Third, America’s New Deal-era regulatory framework is out of sync with current structures of industrial organization. Most of our workforce protection regulations were designed at a time when the typical business entity was a manufacturing company such as General Motors Corp., a large workplace establishment with a stable workforce, expectations for career-long employment, fixed facilities, and clear structures of employment responsibility and liability. The fissuring of the U.S. workplace has changed all of this, but the shifts in industrial organization are due not only to fissuring but also to fundamental shifts in the composition of the U.S. economy. Today, employment is no longer primarily in manufacturing but rather in services such as health care, retail, and other sectors characterized by substantial shares of low-wage, lower-skill workers and a very different set of economic and competitive factors than the manufacturing economy of the 20th century. Production and work is organized very differently in childcare and health care, for instance. These changes now apply to small employers and larger employers alike. The largest private-sector employer in the United States today is Wal-Mart Stores Inc., which is organized very differently from the General Motors of the 1950s.
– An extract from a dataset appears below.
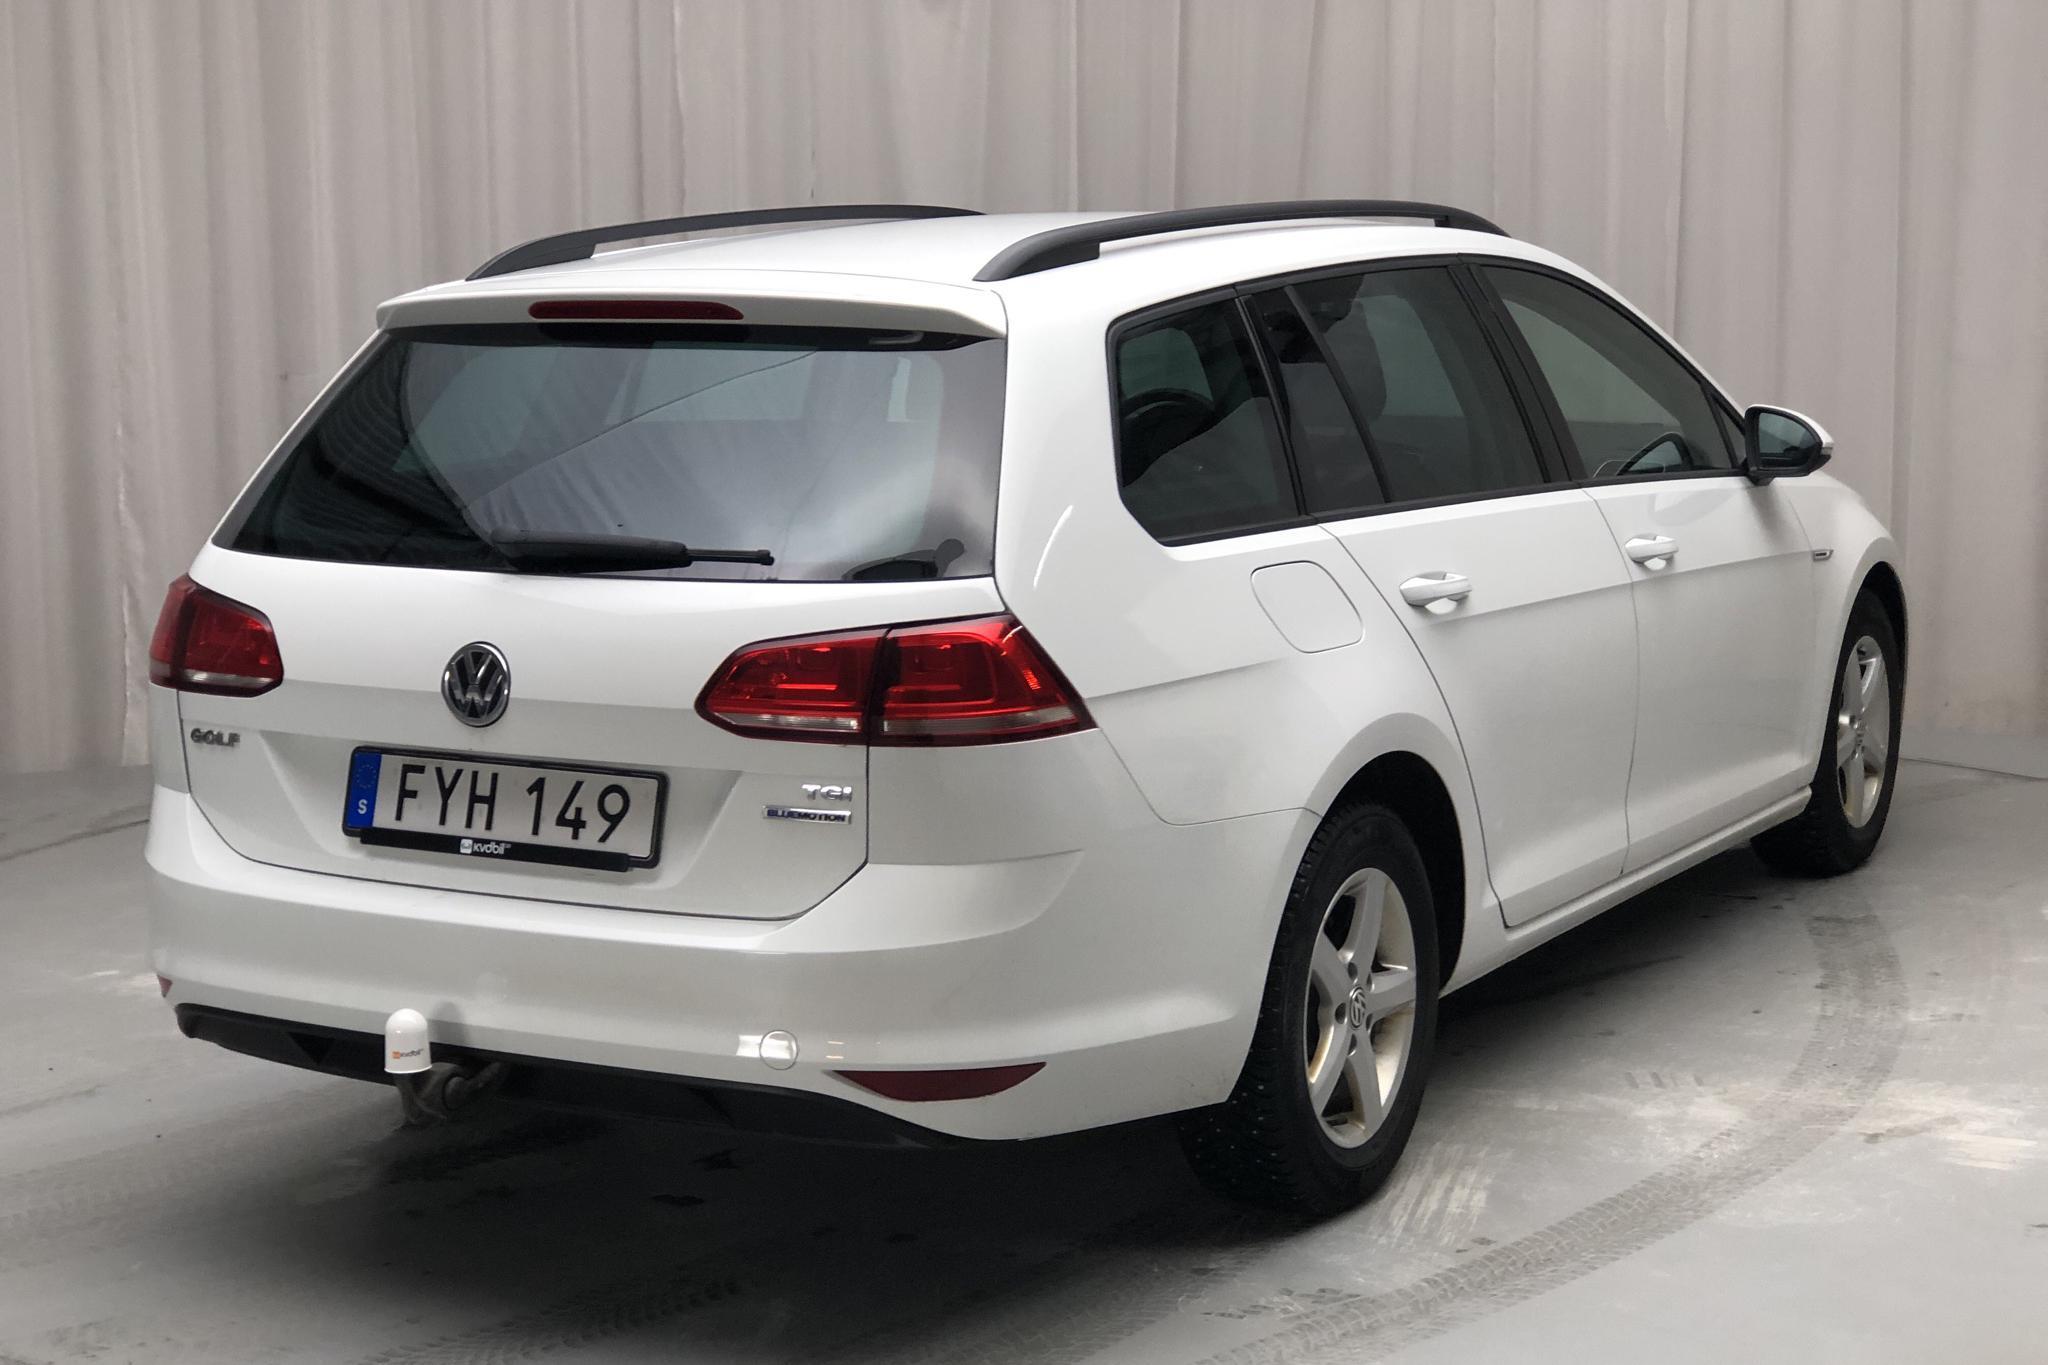 VW Golf VII 1.4 TGI BlueMotion Sportscombi (110hk) - 140 640 km - Manual - white - 2015

Finally, technological change is rapidly changing the kinds of jobs available and the organizational design of those jobs, creating a new set of risks of worker abuse that pose real oversight challenges. For instance, an increasing share of work is done at home via computer after the close of normal business hours, rendering the tracking and enforcement of hours regulations increasingly complicated. How should work hours be tracked for an employee of multiple employers that sometimes operate as one entity but sometimes operate as independent entities?
These four fundamental characteristics of the contemporary labor market—a fissured workplace, weak labor unions, new forms of industrial organization in the economy’s dominant sectors, and technological change—come together to make effective, strategic enforcement of labor protections more important than ever before. Workers in the industries with the lowest levels of compliance are the least likely to trigger complaint-driven investigations, making agency-directed investigations all the more important. This is one reason why rumors of a merging of the Department of Labor’s Office of Federal Contract Compliance Programs with the Equal Employment Opportunity Commission has generated significant concern from multiple stakeholders. The OFCCP conducts investigations of federal contractors that primarily are initiated by the agency—rather than complaint-based—to deter discrimination against women, minorities, and veterans, while the EEOC is primarily an individual-complaint-based body designed to uphold civil rights protections.
Much has been made of the current administration’s new policy ideas, budget cuts to existing benefits programs, and rollbacks of regulatory statutes. Yet in light of the character of the contemporary labor market, it is important to remember that nonenforcement of existing law is a fundamental problem for millions of workers in the United States.